Here, Fabrice Derepas' website and fpga4fun.com give examples of VGA display. Basically, here is Fabrice's code (slighty modified) for handling VGA display :

   -- the clock here is a 25Mhz clock
   if (horizontal_counter >= "0010010000" ) -- 144
   and (horizontal_counter < "1100010000" ) -- 784
   and (vertical_counter >= "0000100111" ) -- 39
   and (vertical_counter < "1000000111" ) -- 519
   then
     -- pixel in screen range
     -- with X = horizontal_counter - 144
     -- and Y = vertical_counter - 39
   end if;
   if (horizontal_counter > "0000000000" )
     and (horizontal_counter < "0001100001" ) -- 96+1
   then
     hs_out <= '0';
   else
     hs_out <= '1';
   end if;
   if (vertical_counter > "0000000000" )
     and (vertical_counter < "0000000011" ) -- 2+1
   then
     vs_out <= '0';
   else
     vs_out <= '1';
   end if;
   horizontal_counter <= horizontal_counter+"0000000001";
   if (horizontal_counter="1100100000") then -- 800
     vertical_counter <= vertical_counter+"0000000001";
     horizontal_counter <= "0000000000";
   end if;
   if (vertical_counter="1000001001") then -- 521
     vertical_counter <= "0000000000";
   end if;

Let's take some time to understand these values... On many site you can find information on VGA timing. Here is an example of such a site : http://www.ece.odu.edu/~stough/ece489/vga_timi.html

An horizontal line of 640 dots is 25.17us (micro-seconds) long (the "D" delay), which means that a pixel "lasts" 25.17/640 = 0,039328125us. With our board, as we have a 50Mhz clock, we can easily generate a 25Mhz clock, which pulse lasts 0,04us, which is close enough to the ideal value.

With this basis, it's easy to calculate the others values. For instance, the "B" delay represents a count of 3.77 * 640 / 25.17 = 95,860... (roughly 96), and so on. I found some small differences in counter values on fpga4fun.com Verilog examples, but it doesn't really matter, both work.
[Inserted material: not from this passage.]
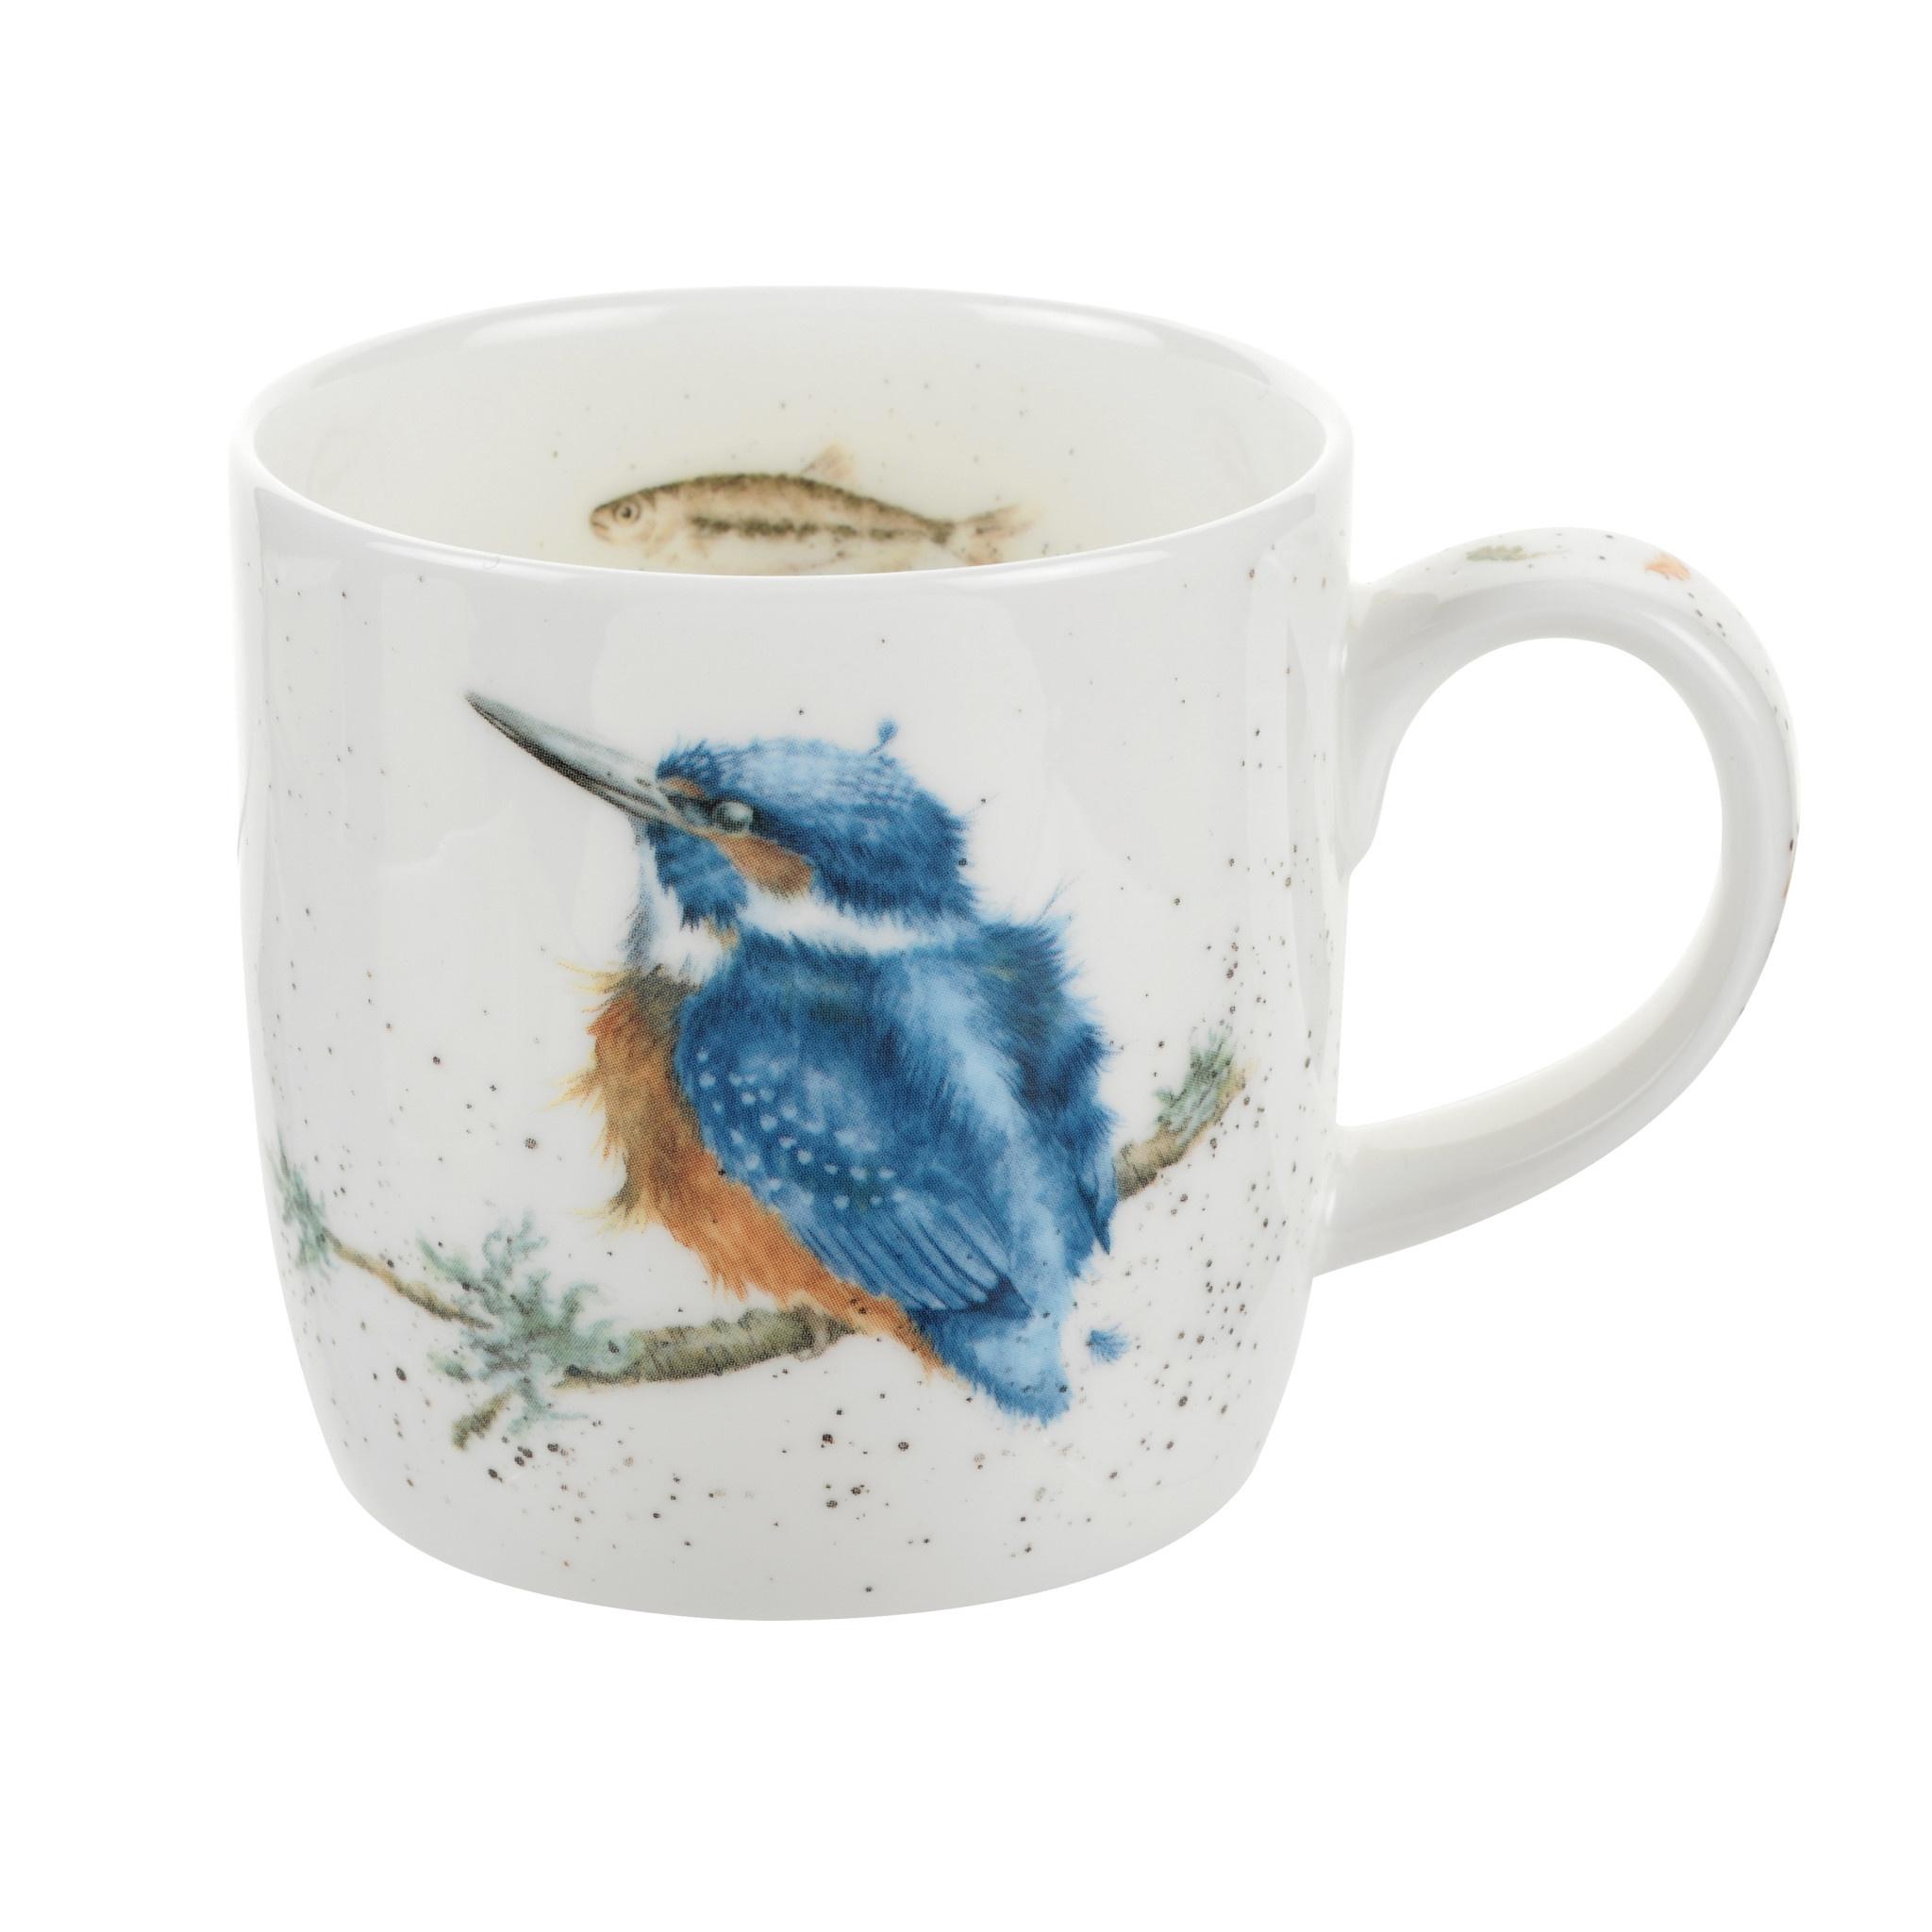 Wrendale Designs 'King of the River' Mug

Woot ! The board is here !

I open the small box, and first surprise, the board is here, the power supply too, but nothing more... No CD, no manual, no datasheet or whatever...

Riiiight, so I fired up my favorite browser and went to the page dedicated to my brand new S3 starter board. I downloaded all the documents here, and then went to the ISE WebPACK page, to download the software.

After some browsing and attempts, I figured out that the device is a "xc3s200" and the package is "ft256". I grabbed the first example of Fabrice Derepas website, struggled a bit with Xilinx's PACE software (to figure out soon that it was much faster to edit the .ucf file by hand).

I generated then a PROM file with the iMPACT software, not really sure of my parameters' values, then there has been some small "panic" moments when I encountered many "Programming Failed" messages... Finally, the four "F" letters showed up on the 7-segments displays, giving me a pure moment of satisfaction :)

I programmed the device with the Xilinx example PROM, that shows all the features of the board : VGA, serial port, leds, push buttons, switches, 7-segments display...

All seemed to work fine, but I was not able to test the serial link, as my laptop has no serial port. I need to get a USB serial port, as I will need it : in my thoughts about my computer system design (I need to find a name for it quickly, too), I had the idea to use the serial port to communicate with the Forth interpreter.

Then I played a bit with the leds and 7-segments display, wrote a small VHDL utility module to display a 16-bit value on the 7-segment display, under the sight of my wife probably worrying about my mental health :)